Data excerpts:
══════════════════════════════

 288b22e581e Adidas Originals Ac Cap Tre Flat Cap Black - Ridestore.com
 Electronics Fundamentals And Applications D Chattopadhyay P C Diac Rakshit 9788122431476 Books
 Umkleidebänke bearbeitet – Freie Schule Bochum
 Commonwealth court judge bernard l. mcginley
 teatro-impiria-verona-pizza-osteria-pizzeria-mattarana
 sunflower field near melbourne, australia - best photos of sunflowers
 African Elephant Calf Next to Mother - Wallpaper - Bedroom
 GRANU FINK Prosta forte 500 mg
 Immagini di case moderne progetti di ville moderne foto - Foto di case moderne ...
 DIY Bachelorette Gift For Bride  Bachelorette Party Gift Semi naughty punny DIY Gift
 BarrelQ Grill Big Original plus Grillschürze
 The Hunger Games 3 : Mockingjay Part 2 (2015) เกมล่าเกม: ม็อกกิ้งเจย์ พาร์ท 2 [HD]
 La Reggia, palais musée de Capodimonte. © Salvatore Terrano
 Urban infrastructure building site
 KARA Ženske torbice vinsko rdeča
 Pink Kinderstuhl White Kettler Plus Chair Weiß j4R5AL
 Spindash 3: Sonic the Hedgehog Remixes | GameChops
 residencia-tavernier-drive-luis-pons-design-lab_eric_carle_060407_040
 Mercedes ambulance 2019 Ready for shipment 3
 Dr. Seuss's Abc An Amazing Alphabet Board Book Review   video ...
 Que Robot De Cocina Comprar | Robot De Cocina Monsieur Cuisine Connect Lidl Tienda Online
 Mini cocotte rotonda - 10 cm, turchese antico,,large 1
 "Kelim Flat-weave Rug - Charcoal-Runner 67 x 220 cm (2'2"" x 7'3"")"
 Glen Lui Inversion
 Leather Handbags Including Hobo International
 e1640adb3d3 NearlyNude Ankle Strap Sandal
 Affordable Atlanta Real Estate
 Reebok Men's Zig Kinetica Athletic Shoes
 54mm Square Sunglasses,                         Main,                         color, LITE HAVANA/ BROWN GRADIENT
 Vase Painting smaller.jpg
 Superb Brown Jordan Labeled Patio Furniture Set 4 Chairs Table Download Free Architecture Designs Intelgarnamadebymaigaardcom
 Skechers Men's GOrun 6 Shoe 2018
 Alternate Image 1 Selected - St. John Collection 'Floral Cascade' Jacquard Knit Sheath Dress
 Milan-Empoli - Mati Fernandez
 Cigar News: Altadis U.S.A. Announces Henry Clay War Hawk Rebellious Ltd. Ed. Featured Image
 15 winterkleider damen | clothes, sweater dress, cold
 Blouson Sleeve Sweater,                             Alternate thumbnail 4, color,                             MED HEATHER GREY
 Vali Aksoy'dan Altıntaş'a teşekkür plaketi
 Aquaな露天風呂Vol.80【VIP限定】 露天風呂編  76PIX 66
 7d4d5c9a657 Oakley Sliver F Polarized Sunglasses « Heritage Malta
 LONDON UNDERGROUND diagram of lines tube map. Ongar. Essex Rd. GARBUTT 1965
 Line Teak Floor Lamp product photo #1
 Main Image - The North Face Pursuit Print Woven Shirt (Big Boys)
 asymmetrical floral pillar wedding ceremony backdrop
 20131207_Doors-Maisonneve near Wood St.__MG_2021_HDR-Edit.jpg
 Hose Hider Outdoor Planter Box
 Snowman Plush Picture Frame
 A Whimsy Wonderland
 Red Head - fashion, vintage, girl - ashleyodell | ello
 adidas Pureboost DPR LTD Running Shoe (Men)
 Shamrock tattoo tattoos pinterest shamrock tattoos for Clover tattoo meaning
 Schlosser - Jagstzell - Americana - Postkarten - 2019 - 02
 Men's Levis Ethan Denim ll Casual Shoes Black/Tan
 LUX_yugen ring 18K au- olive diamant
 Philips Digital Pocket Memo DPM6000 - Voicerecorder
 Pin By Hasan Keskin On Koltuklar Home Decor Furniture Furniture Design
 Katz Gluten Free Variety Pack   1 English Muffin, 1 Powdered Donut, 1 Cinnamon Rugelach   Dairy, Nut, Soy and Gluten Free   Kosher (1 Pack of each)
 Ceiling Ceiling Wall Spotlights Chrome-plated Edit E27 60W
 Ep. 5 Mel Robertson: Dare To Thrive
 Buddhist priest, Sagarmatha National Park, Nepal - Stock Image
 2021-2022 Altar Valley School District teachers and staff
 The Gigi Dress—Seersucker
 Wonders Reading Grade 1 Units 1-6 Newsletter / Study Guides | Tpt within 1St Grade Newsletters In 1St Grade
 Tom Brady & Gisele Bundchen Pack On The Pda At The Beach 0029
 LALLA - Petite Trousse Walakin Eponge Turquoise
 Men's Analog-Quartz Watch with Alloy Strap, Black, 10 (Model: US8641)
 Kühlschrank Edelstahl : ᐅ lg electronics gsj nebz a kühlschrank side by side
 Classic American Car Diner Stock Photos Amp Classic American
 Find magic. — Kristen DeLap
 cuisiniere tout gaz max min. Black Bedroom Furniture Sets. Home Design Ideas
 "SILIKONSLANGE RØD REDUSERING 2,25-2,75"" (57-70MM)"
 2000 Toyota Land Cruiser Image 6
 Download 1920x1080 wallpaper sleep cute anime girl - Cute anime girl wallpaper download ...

══════════════════════════════

Print only the lines from the one with "LALLA - Petite" to the end of the records, both included.

Solution to this task:
 LALLA - Petite Trousse Walakin Eponge Turquoise
 Men's Analog-Quartz Watch with Alloy Strap, Black, 10 (Model: US8641)
 Kühlschrank Edelstahl : ᐅ lg electronics gsj nebz a kühlschrank side by side
 Classic American Car Diner Stock Photos Amp Classic American
 Find magic. — Kristen DeLap
 cuisiniere tout gaz max min. Black Bedroom Furniture Sets. Home Design Ideas
 "SILIKONSLANGE RØD REDUSERING 2,25-2,75"" (57-70MM)"
 2000 Toyota Land Cruiser Image 6
 Download 1920x1080 wallpaper sleep cute anime girl - Cute anime girl wallpaper download ...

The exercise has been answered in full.